Christopher Finegan

Personal information
- Full name: Christopher Charles Finegan
- Born: 4 November 1971 (age 54) Liverpool, Merseyside, England
- Batting: Right-handed
- Bowling: Right-arm fast medium

Domestic team information
- 1998–2009: Cheshire

Career statistics
| Competition | List A |
| Matches | 5 |
| Runs scored | 15 |
| Batting average | 5.00 |
| 100s/50s | –/– |
| Top score | 11 |
| Balls bowled | 294 |
| Wickets | 11 |
| Bowling average | 15.90 |
| 5 wickets in innings | – |
| 10 wickets in match | – |
| Best bowling | 3/31 |
| Catches/stumpings | –/– |
- Source: Cricinfo, 10 April 2011

= Christopher Finegan =

English cricketer

Christopher Charles Finegan (born 4 November 1971) is a former English cricketer. Finegan was a right-handed batsman who bowled right-arm fast medium pace. He was born in Liverpool, Merseyside. Finegan is playing club cricket for Neston CC since 2004 in the Cheshire County Premier League.

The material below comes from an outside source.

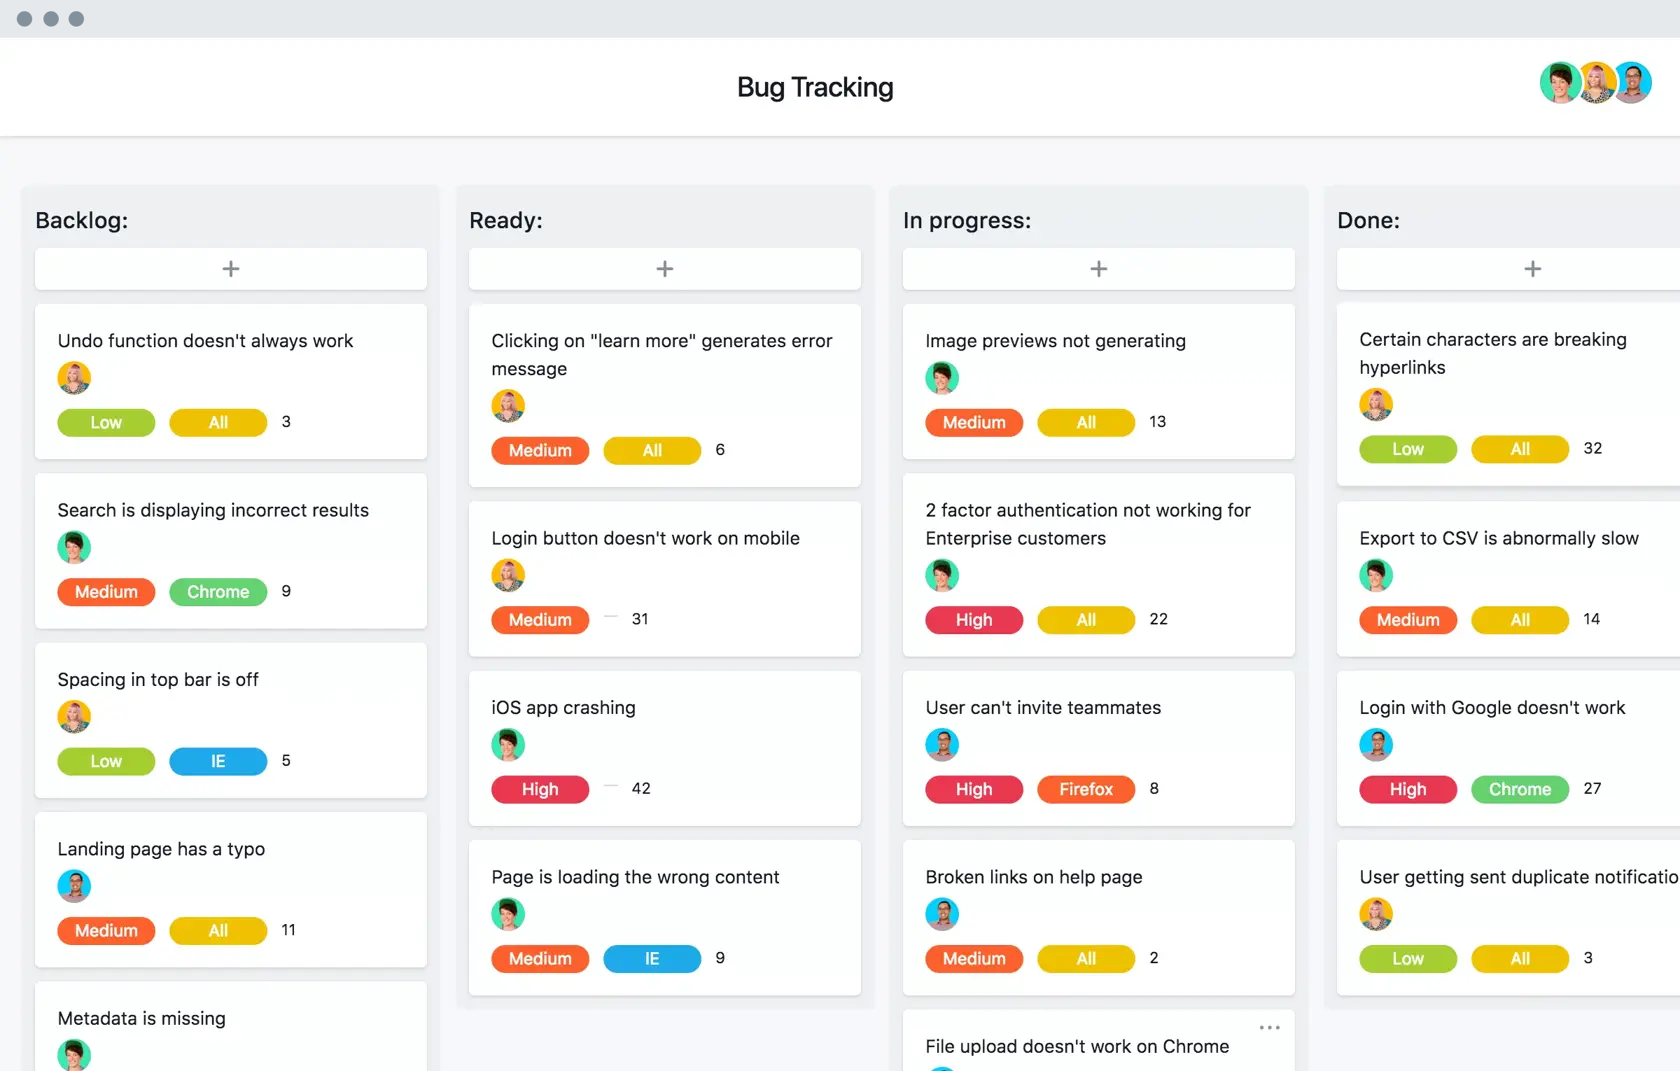 [Old product ui] Bug tracking template in Asana, Kanban board style project view (Boards)

Finegan made his debut for Cheshire in the 1998 Minor Counties Championship against the Oxfordshire. Finegan played Minor counties cricket for Cheshire from 1998 to 2009, including 43 Minor Counties Championship matches and 14 MCCA Knockout Trophy matches. In 1999, he made his List A debut against the Surrey Cricket Board in the NatWest Trophy. He played four further List A matches for Cheshire, the last coming against Lincolnshire 2nd round of the 2003 Cheltenham & Gloucester Trophy which was held in 2002. In his five List A matches, he took 11 wickets at a bowling average of 15.90, with best figures of 3/31. His best bowling figures came against in two matches, his debut against the Surrey Cricket Board and against Lincolnshire in the 2000 NatWest Trophy.